Du cinéma pour oublier tous vos soucis

« I hate cursive and I hate all of you! »

Ce mélange d’absurdité et d’impudence sort de la bouche d’Adam Sandler alias Billy Madison, quand son enseignante lui demande d’écrire au tableau le mot « Rizzuto » en lettres attachées.

Parce que la fin de session approche et parce que les gens autour de moi semblent tendus ces temps-ci, j’ai décidé d’écrire une chronique sur les films de l’intarissable acteur. Mais ma foi, ne vous affolez pas trop vite, je n’ai pas l’intention de pousser quiconque à se taper  le médiocre Click ou encore le très mauvais Jack & Jill. Non. Je tiens quand même à garder une certaine crédibilité de chroniqueuse cinéma, même si j’ai choisi de vous révéler mon amour coupable pour le bon vieux Adam Sandler. Quand je dis le « bon vieux »,  je parle de celui de 1995 à 1998, le Sandler de ma jeunesse.
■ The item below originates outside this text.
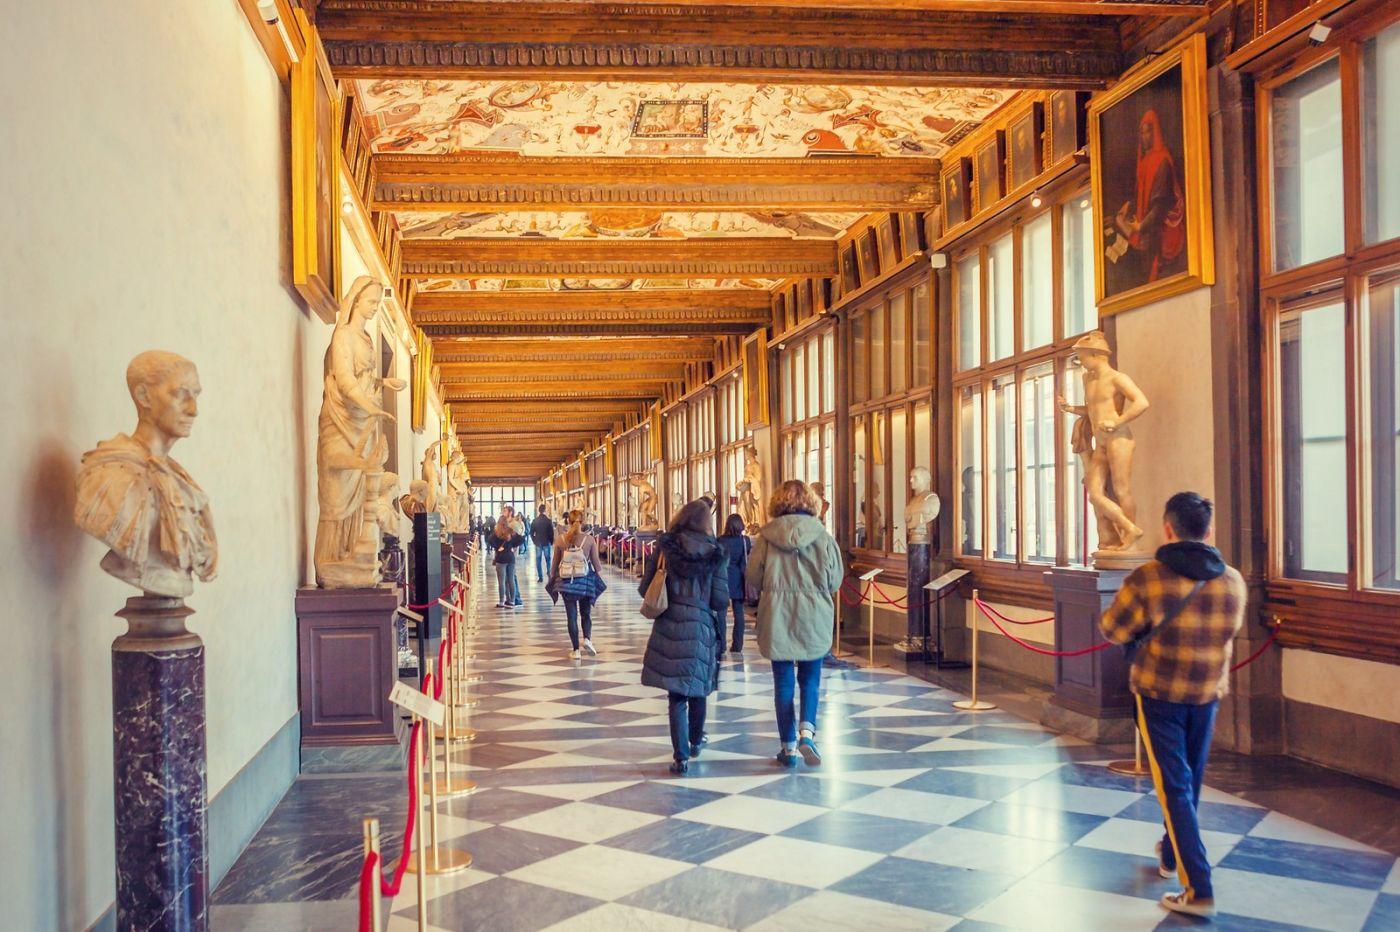 意大利佛罗伦斯乌菲兹美术馆, 进去看一看_图1-17

Enfant, je connaissais par cœur (au grand dam de mes parents) les répliques des personnages loufoques et considérablement vulgaires du comédien. J’ai récemment repensé à l’humour irrévérencieux de l’acteur lors d’une conversation et il n’en fallut pas plus pour me faire revisiter les grands classiques du New Yorkais. Inutile de vous dire à quel point Happy Gilmore a réussi à atténuer mes frustrations de la semaine.
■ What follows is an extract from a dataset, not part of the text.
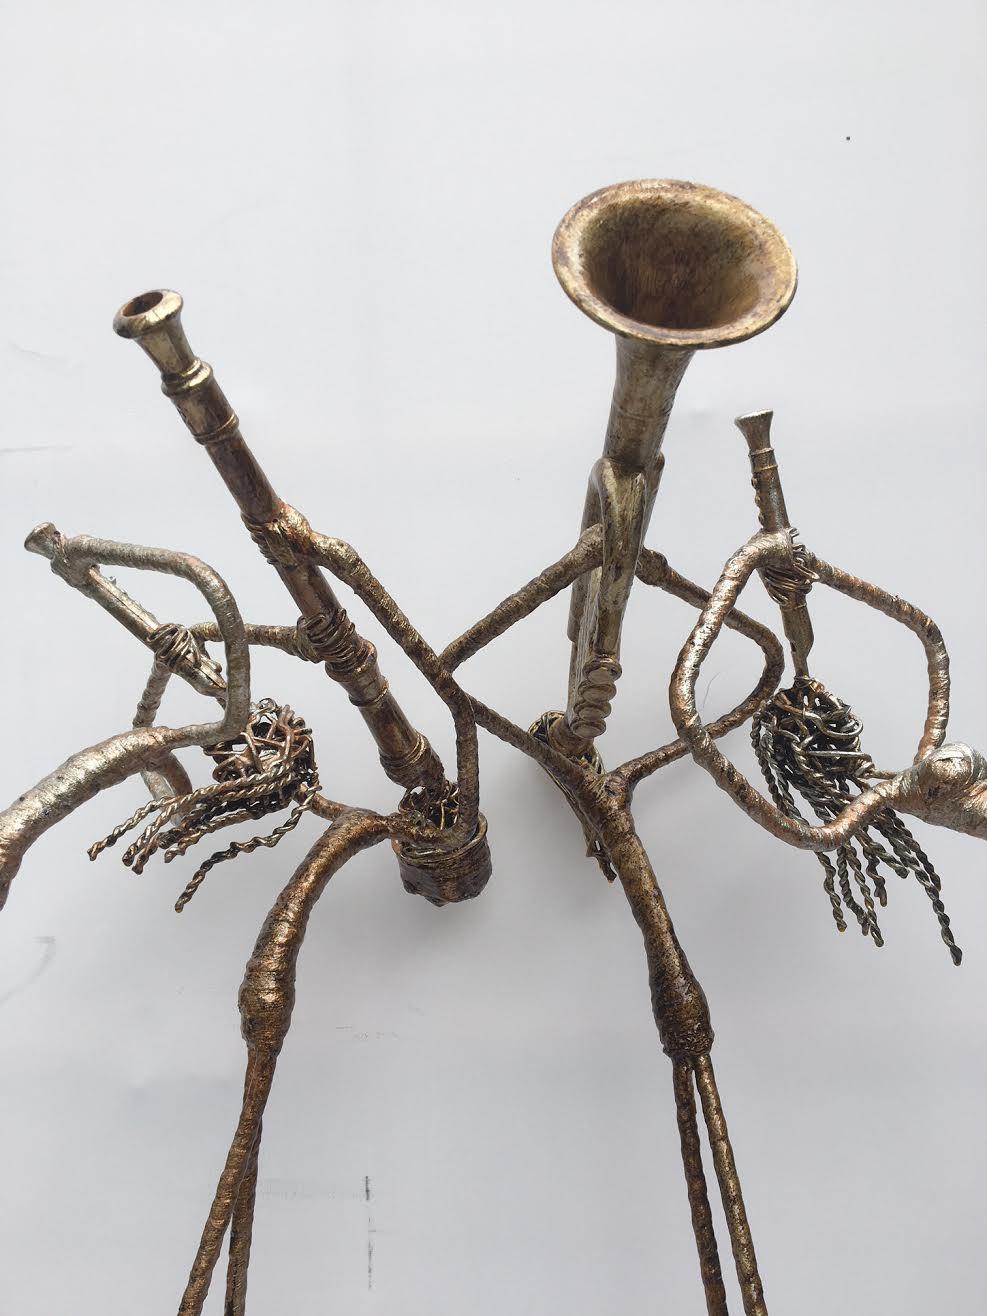 4 figures blowing horns

Mon petit cocktail efficace contre toute forme de tension et d’agacement psychologiques :

Billy Madison (1995)

BillyMadisonBilly est un désagréable imbécile impoli désirant sauvegarder l’héritage familial en poursuivant  le travail de son père à la tête de la compagnie familiale. Le hic, c’est que le père du jeune Madison a toujours soudoyé les enseignants afin de s’assurer de la réussite de son fils. Résultat : Billy est bien trop bête pour diriger quoi que ce soit. Le film relate donc l’aventure d’un adulte qui, en 24 semaines, tente de réussir son parcours académique de la maternelle au diplôme d’études secondaires. Le tout se termine sur un délicieux décathlon scolaire où le personnage principal et son ennemi juré, le vice-président de la compagnie, luttent sans merci pour la place de président, suivi d’un dénouement savoureusement absurde comme on n’en voit plus: un mélange de question piège, de fusillade et d’apparition surprise de la part des personnages du film.

Happy Gilmore (1996)

Happy est un loser classique. Incapable de se faire une quelconque place dans le monde du hockey amateur et inapte à garder sa copine. Happy rencontre Chubbs Peterson, un ex-golfeur qui lui inculque les bases du golf. Grâce à son frappé de hockeyeur, il s’immisce dans le circuit de golfeur professionnel. Pour sauver sa grand-mère endettée et sa dignité face à son plus grand rival, un golfeur du nom de Shooter McGavin, Happy tente de remporter le Tour Championship. Un scénario convenu, rehaussé par les invraisemblables arlequinades des personnages. Ben Stiller et Christopher McDonald sont excellents dans leurs rôles de méchants, impossible de résister.

Waterboy (1998)

Sandler joue ici un inadapté social de 31 ans démesurément attaché à sa mère du nom de Bobby Boucher. Devenu porteur d’eau pour l’équipe de football de la South Central Louisiana State University, Bobby défi la volonté de sa génitrice qui maudit le football et fait état de son talent pour ce sport. (La scène où le coach de l’équipe convainc le trentenaire de braver la volonté de sa mère et lui montre son tatou fessier de Roy Orbison est tout simplement exquise.) L’athlète rencontre plusieurs obstacles qui le pousseront à terminer ses études et à découvrir la vérité sur sa mama et le reste de sa famille. Encore une fois, les dernières minutes de l’aventure où tous les personnages du film assistent au mariage de Bobby sont merveilleusement irrationnelles.

Après avoir redécouvert ces classiques, on réalise que des comme ça, il ne s’en fait plus. Il n’y a selon moi aucun équivalent aux comédies des années 90. Ça fait toujours du bien de revisiter les films de notre jeunesse. Même que les versions anglaises m’ont amenée à porter un regard différent sur ces petits joyaux du septième art qui ont bercé mon enfance.

Je vous laisse, je m’en vais m’enliser dans ma nostalgie en regardant Madame Doubtfire.